EXERCISE AIM
Transcribe each entry so that nothing differs from the original.

-------- PROVIDED RECORDS --------

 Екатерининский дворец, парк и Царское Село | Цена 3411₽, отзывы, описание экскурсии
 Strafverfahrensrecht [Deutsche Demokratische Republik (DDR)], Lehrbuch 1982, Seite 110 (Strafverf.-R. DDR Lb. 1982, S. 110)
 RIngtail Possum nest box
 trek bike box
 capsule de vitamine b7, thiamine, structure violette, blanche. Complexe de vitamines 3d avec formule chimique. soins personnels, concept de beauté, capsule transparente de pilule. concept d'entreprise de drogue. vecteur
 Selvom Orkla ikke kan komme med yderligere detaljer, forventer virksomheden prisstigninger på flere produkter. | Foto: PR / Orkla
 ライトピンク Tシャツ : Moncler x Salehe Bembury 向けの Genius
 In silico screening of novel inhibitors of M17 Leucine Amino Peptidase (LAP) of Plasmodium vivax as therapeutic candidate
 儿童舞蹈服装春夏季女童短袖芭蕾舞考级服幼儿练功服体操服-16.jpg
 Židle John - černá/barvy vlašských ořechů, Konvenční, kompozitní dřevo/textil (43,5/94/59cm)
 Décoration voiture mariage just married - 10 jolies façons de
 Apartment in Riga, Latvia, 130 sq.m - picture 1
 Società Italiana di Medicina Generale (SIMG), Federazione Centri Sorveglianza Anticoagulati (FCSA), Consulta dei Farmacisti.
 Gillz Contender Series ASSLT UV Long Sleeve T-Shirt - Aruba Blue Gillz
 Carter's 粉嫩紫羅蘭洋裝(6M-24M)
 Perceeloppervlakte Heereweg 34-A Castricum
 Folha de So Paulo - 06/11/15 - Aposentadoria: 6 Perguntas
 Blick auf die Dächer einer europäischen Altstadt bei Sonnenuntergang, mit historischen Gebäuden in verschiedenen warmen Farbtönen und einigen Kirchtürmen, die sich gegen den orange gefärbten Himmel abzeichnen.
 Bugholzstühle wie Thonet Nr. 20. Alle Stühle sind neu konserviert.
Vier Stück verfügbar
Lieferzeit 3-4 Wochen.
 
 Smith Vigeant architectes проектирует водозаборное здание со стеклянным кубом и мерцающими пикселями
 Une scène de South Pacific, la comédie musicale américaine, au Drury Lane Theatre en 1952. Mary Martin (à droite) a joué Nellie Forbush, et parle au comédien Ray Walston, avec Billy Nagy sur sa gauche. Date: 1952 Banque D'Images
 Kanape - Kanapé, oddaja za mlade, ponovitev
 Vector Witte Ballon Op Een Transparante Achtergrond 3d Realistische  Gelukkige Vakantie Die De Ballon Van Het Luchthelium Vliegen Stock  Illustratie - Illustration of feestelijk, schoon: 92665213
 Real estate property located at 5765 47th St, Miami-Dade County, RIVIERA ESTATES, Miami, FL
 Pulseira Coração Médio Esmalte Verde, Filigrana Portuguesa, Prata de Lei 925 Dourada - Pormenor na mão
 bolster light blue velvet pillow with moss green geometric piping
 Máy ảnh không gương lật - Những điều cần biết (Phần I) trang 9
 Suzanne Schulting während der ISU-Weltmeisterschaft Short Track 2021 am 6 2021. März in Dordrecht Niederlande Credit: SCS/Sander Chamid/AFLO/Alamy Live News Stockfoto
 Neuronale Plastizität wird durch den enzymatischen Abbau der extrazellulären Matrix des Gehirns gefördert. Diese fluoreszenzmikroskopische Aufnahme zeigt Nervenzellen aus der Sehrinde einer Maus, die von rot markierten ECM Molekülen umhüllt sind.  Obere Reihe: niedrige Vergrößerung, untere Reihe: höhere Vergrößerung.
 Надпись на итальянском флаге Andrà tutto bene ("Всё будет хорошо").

--------

OUTPUT BELOW
 Екатерининский дворец, парк и Царское Село | Цена 3411₽, отзывы, описание экскурсии
 Strafverfahrensrecht [Deutsche Demokratische Republik (DDR)], Lehrbuch 1982, Seite 110 (Strafverf.-R. DDR Lb. 1982, S. 110)
 RIngtail Possum nest box
 trek bike box
 capsule de vitamine b7, thiamine, structure violette, blanche. Complexe de vitamines 3d avec formule chimique. soins personnels, concept de beauté, capsule transparente de pilule. concept d'entreprise de drogue. vecteur
 Selvom Orkla ikke kan komme med yderligere detaljer, forventer virksomheden prisstigninger på flere produkter. | Foto: PR / Orkla
 ライトピンク Tシャツ : Moncler x Salehe Bembury 向けの Genius
 In silico screening of novel inhibitors of M17 Leucine Amino Peptidase (LAP) of Plasmodium vivax as therapeutic candidate
 儿童舞蹈服装春夏季女童短袖芭蕾舞考级服幼儿练功服体操服-16.jpg
 Židle John - černá/barvy vlašských ořechů, Konvenční, kompozitní dřevo/textil (43,5/94/59cm)
 Décoration voiture mariage just married - 10 jolies façons de
 Apartment in Riga, Latvia, 130 sq.m - picture 1
 Società Italiana di Medicina Generale (SIMG), Federazione Centri Sorveglianza Anticoagulati (FCSA), Consulta dei Farmacisti.
 Gillz Contender Series ASSLT UV Long Sleeve T-Shirt - Aruba Blue Gillz
 Carter's 粉嫩紫羅蘭洋裝(6M-24M)
 Perceeloppervlakte Heereweg 34-A Castricum
 Folha de So Paulo - 06/11/15 - Aposentadoria: 6 Perguntas
 Blick auf die Dächer einer europäischen Altstadt bei Sonnenuntergang, mit historischen Gebäuden in verschiedenen warmen Farbtönen und einigen Kirchtürmen, die sich gegen den orange gefärbten Himmel abzeichnen.
 Bugholzstühle wie Thonet Nr. 20. Alle Stühle sind neu konserviert.
Vier Stück verfügbar
Lieferzeit 3-4 Wochen.
 
 Smith Vigeant architectes проектирует водозаборное здание со стеклянным кубом и мерцающими пикселями
 Une scène de South Pacific, la comédie musicale américaine, au Drury Lane Theatre en 1952. Mary Martin (à droite) a joué Nellie Forbush, et parle au comédien Ray Walston, avec Billy Nagy sur sa gauche. Date: 1952 Banque D'Images
 Kanape - Kanapé, oddaja za mlade, ponovitev
 Vector Witte Ballon Op Een Transparante Achtergrond 3d Realistische  Gelukkige Vakantie Die De Ballon Van Het Luchthelium Vliegen Stock  Illustratie - Illustration of feestelijk, schoon: 92665213
 Real estate property located at 5765 47th St, Miami-Dade County, RIVIERA ESTATES, Miami, FL
 Pulseira Coração Médio Esmalte Verde, Filigrana Portuguesa, Prata de Lei 925 Dourada - Pormenor na mão
 bolster light blue velvet pillow with moss green geometric piping
 Máy ảnh không gương lật - Những điều cần biết (Phần I) trang 9
 Suzanne Schulting während der ISU-Weltmeisterschaft Short Track 2021 am 6 2021. März in Dordrecht Niederlande Credit: SCS/Sander Chamid/AFLO/Alamy Live News Stockfoto
 Neuronale Plastizität wird durch den enzymatischen Abbau der extrazellulären Matrix des Gehirns gefördert. Diese fluoreszenzmikroskopische Aufnahme zeigt Nervenzellen aus der Sehrinde einer Maus, die von rot markierten ECM Molekülen umhüllt sind.  Obere Reihe: niedrige Vergrößerung, untere Reihe: höhere Vergrößerung.
 Надпись на итальянском флаге Andrà tutto bene ("Всё будет хорошо").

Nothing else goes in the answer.